TO DO: Give back exactly the lines from the one holding "Los trenes de" to the bottom of the material, both included, and nothing more. No pictures.

===== DATA BELOW =====

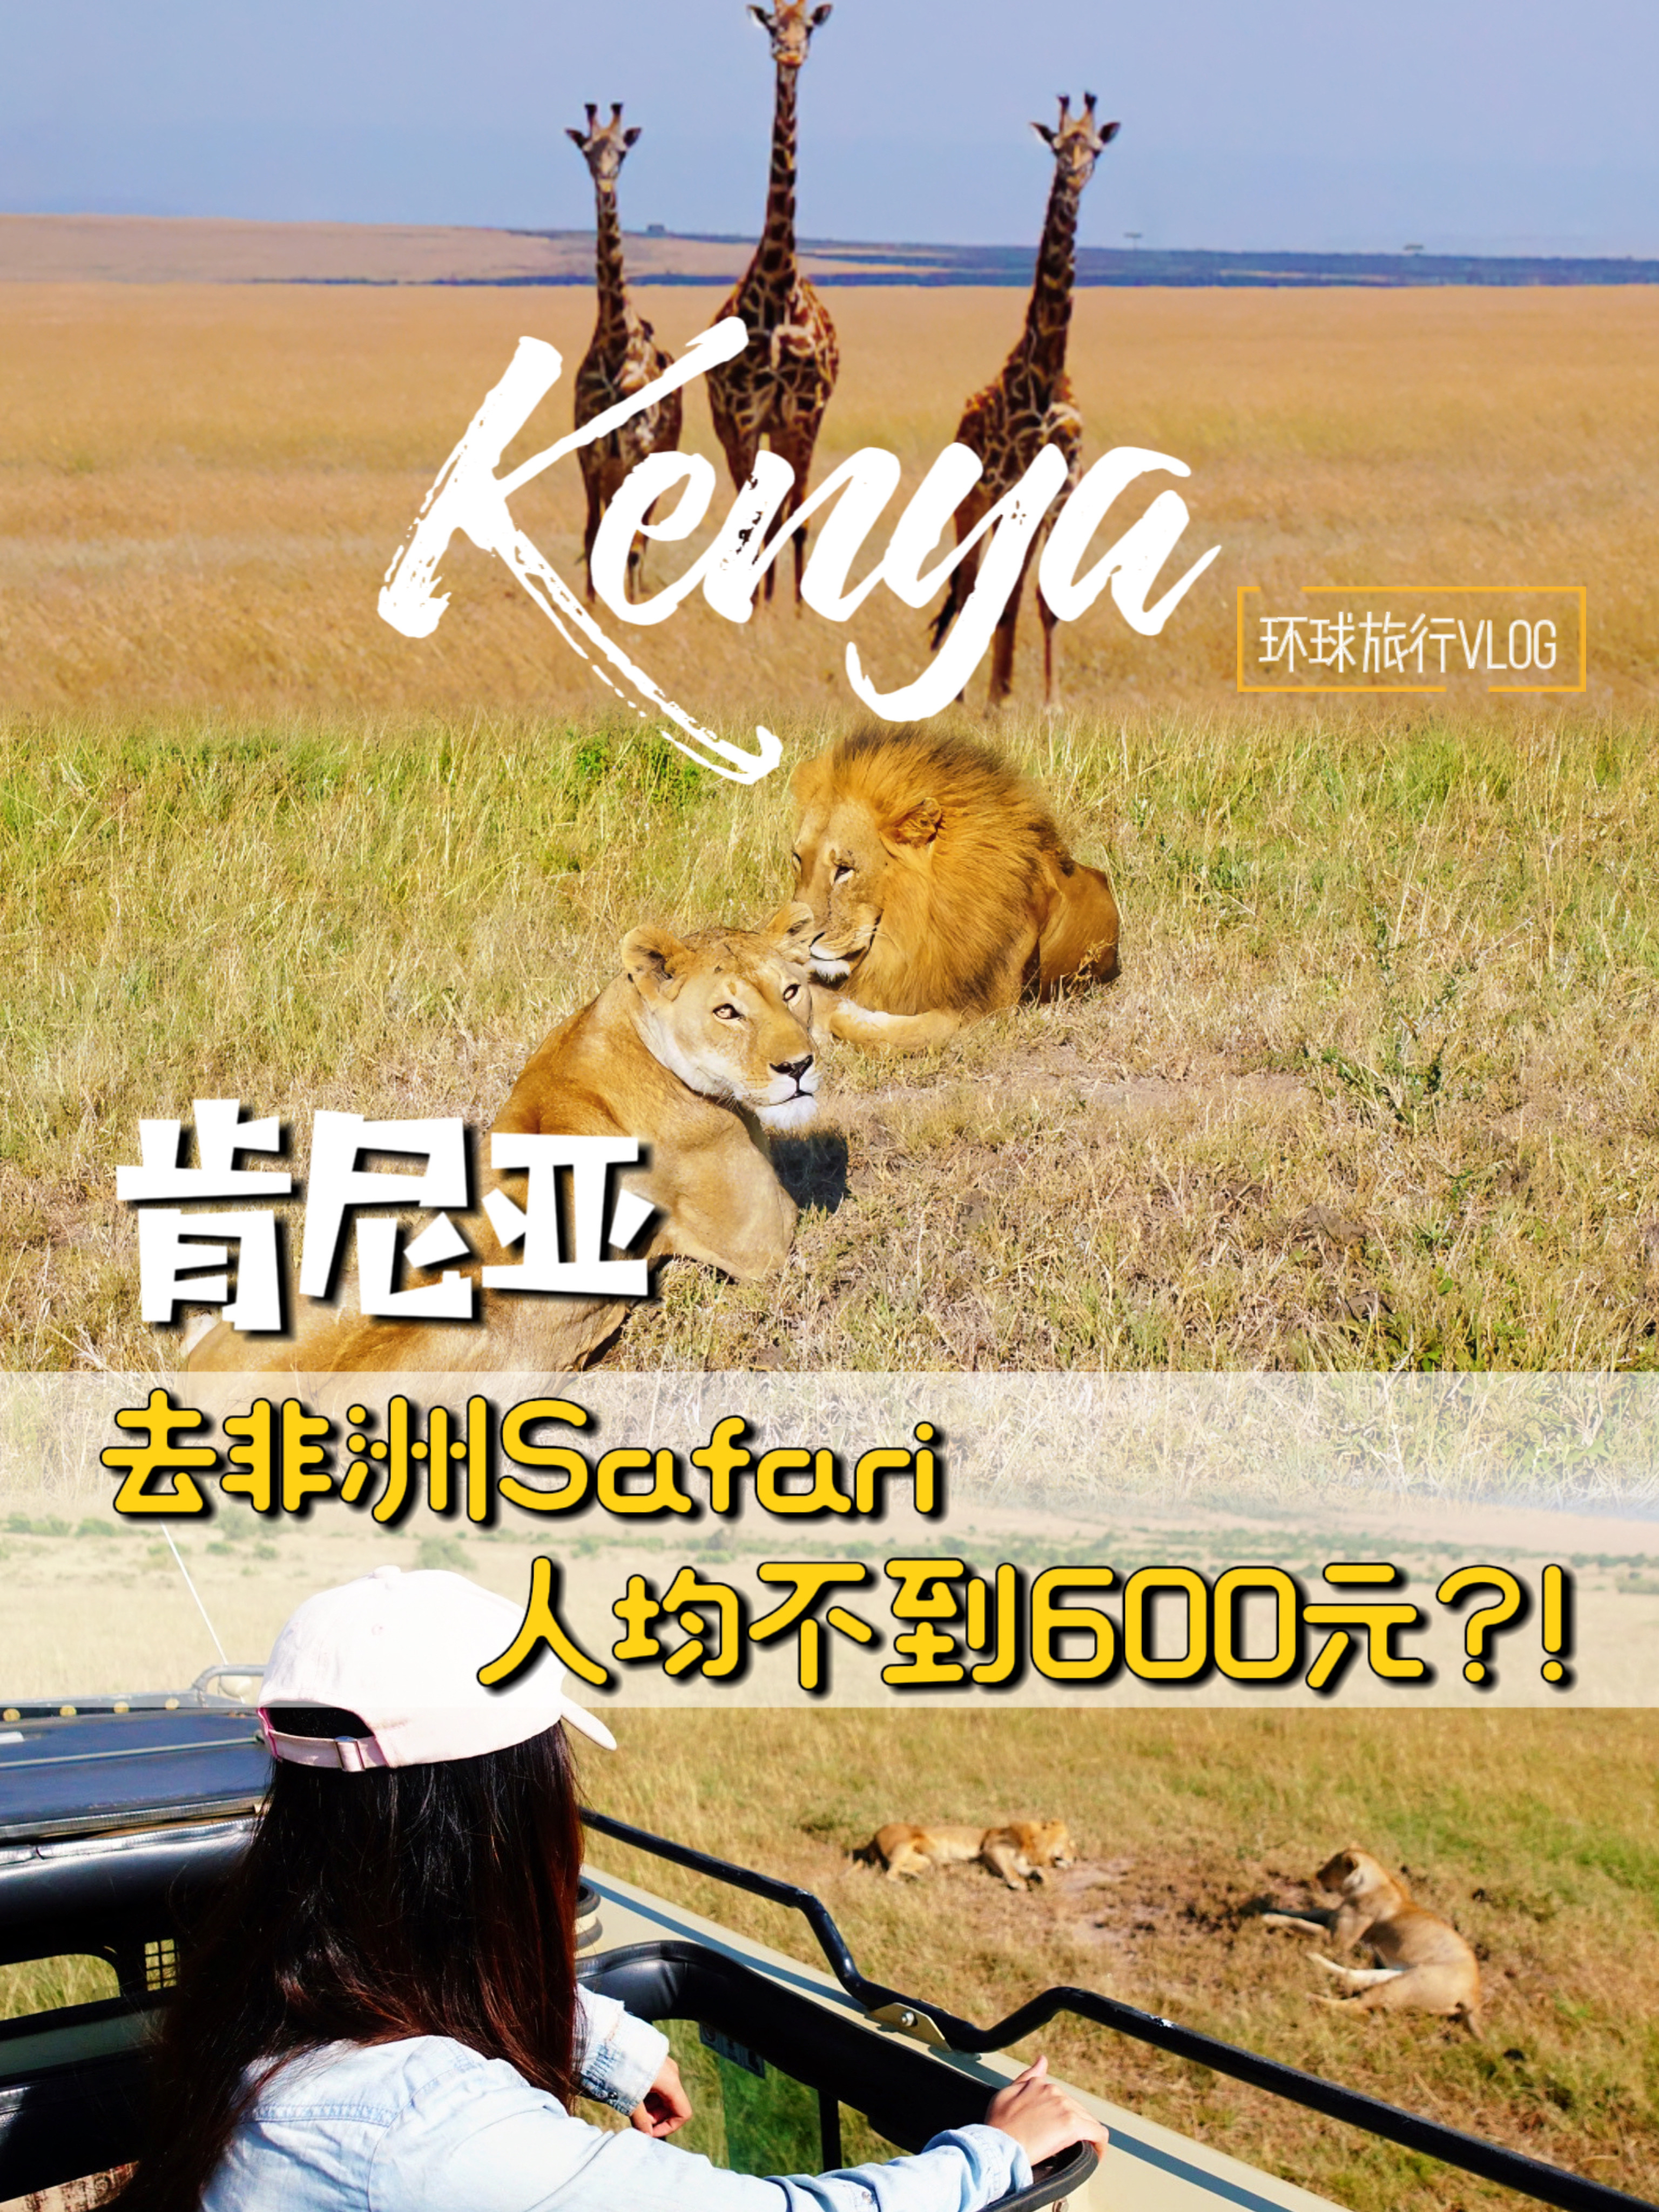 肯尼亚｜环球旅行去非洲safari，人均不到600元？
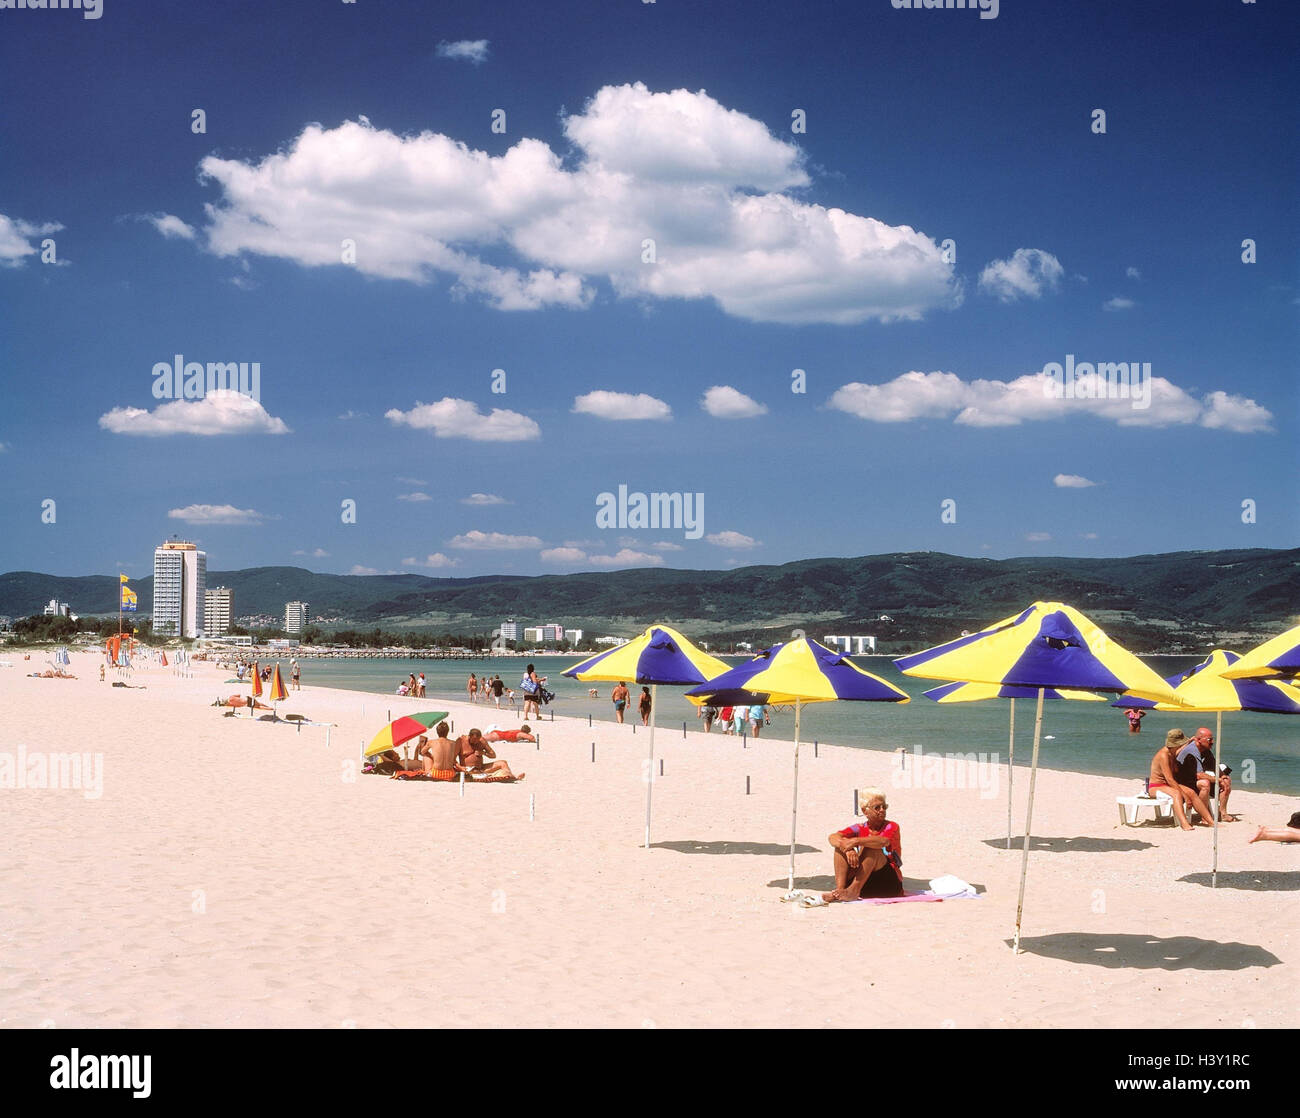 La Bulgarie, plage solaire, baigneurs, au Sud-Est, Europe, Slantchev Briag, station balnéaire, plage de sable, plage, parasols, tourisme, Tourisme, vacances, loisirs, repos, plage, bain solaire maison de vacances, d'été, à l'extérieur Banque D'Images
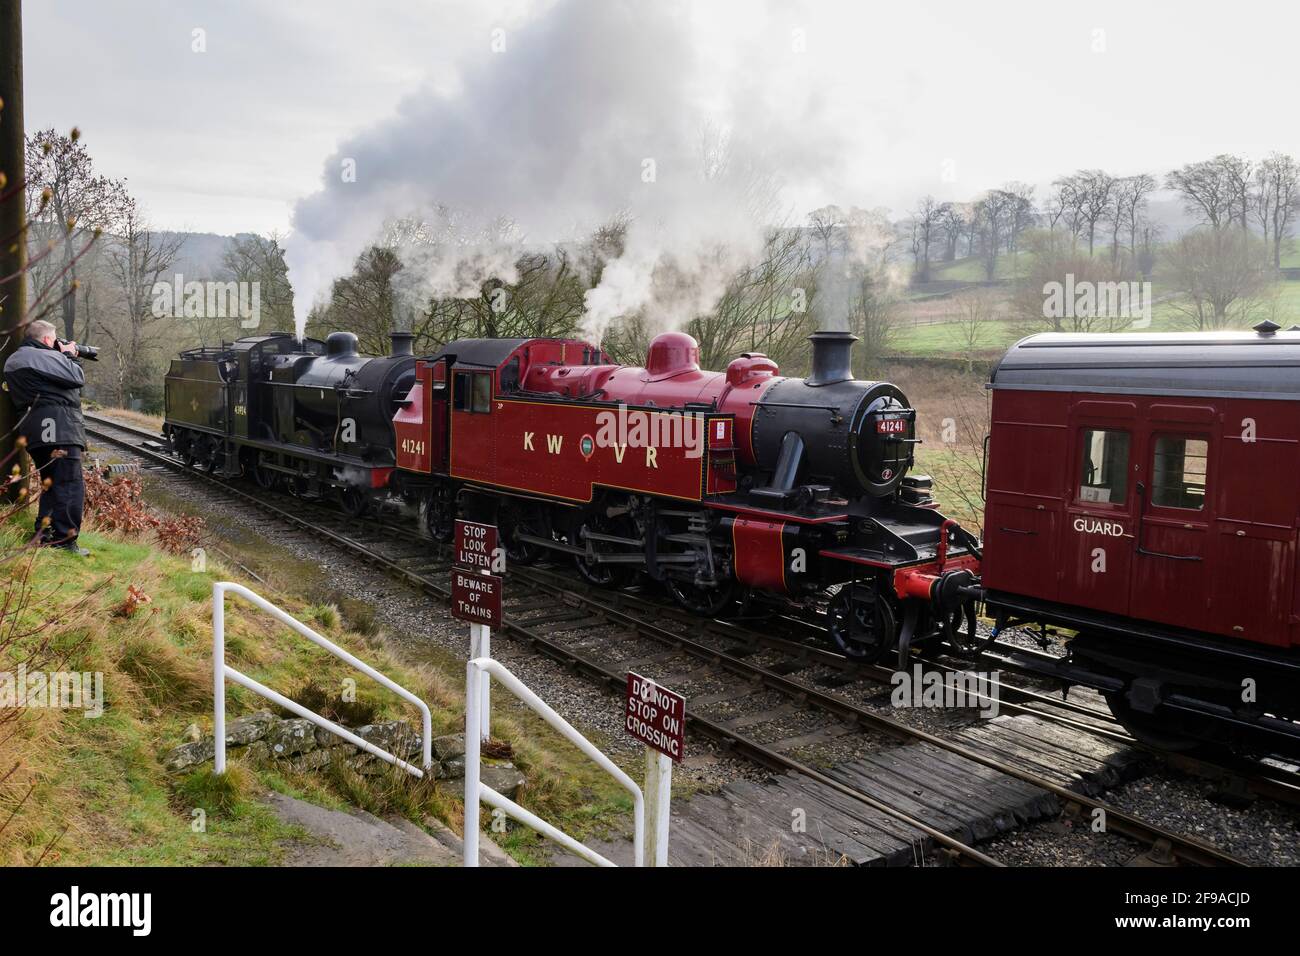 Los trenes de vapor históricos (locos) que soplaban nubes de humo se detuvieron en el cruce (hombre tomando foto en tierra) - ferrocarril de herencia, KWVR, Yorkshire, Inglaterra, Reino Unido. Foto de stock
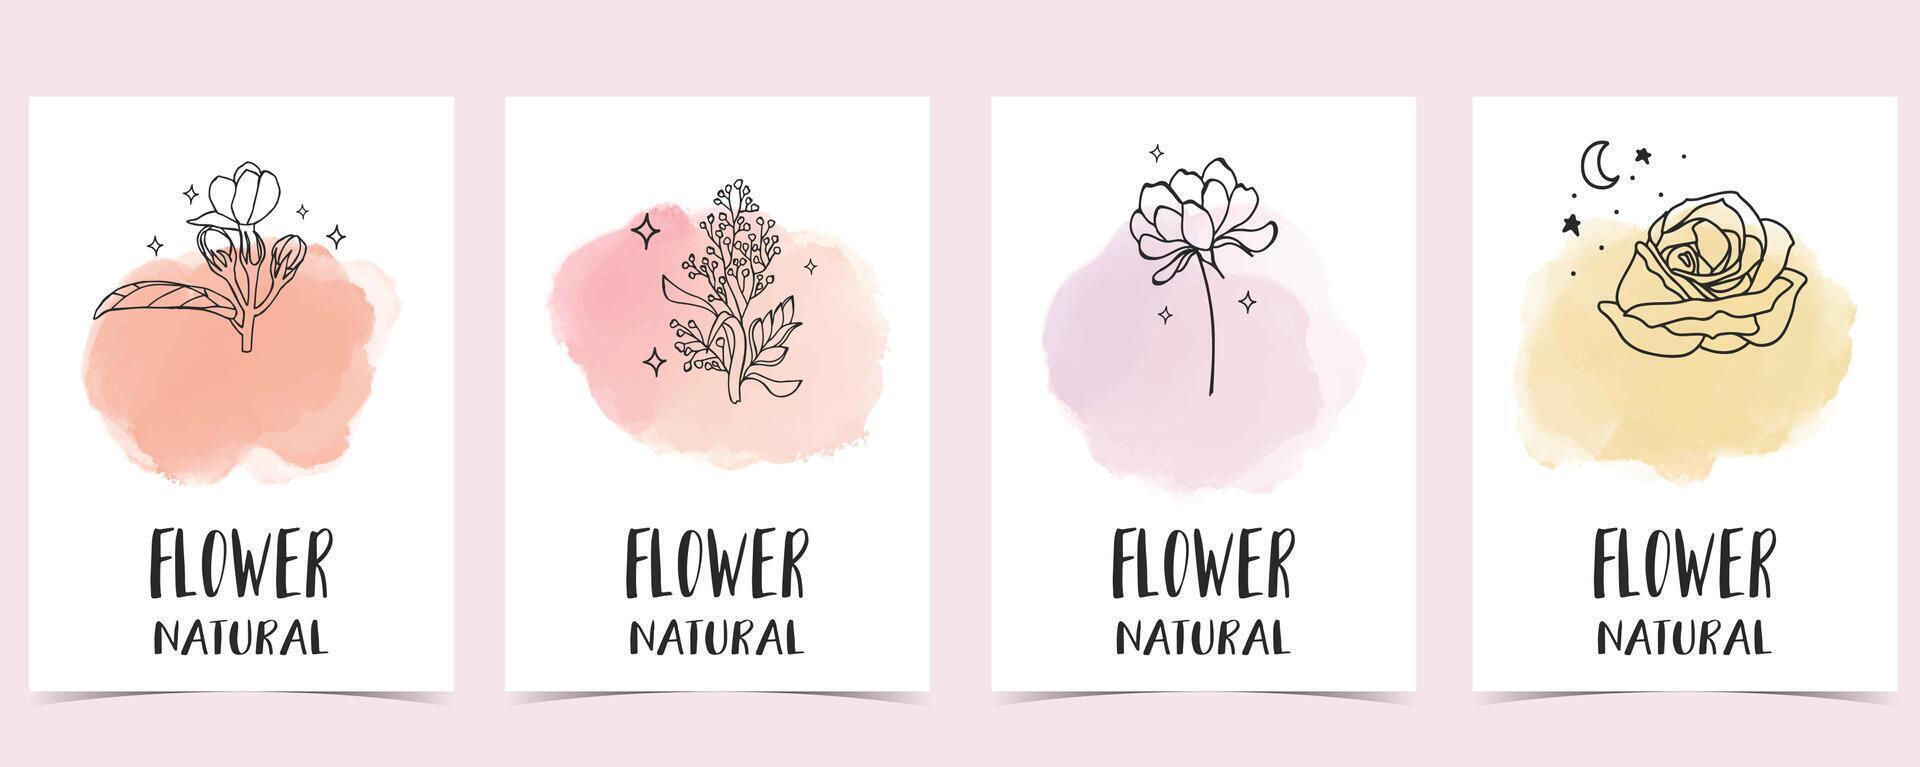 flower background with jasmine,lavender,rose.illustration for a4 page design vector

=====

YOUR SOLUTION:
 Los trenes de vapor históricos (locos) que soplaban nubes de humo se detuvieron en el cruce (hombre tomando foto en tierra) - ferrocarril de herencia, KWVR, Yorkshire, Inglaterra, Reino Unido. Foto de stock
 flower background with jasmine,lavender,rose.illustration for a4 page design vector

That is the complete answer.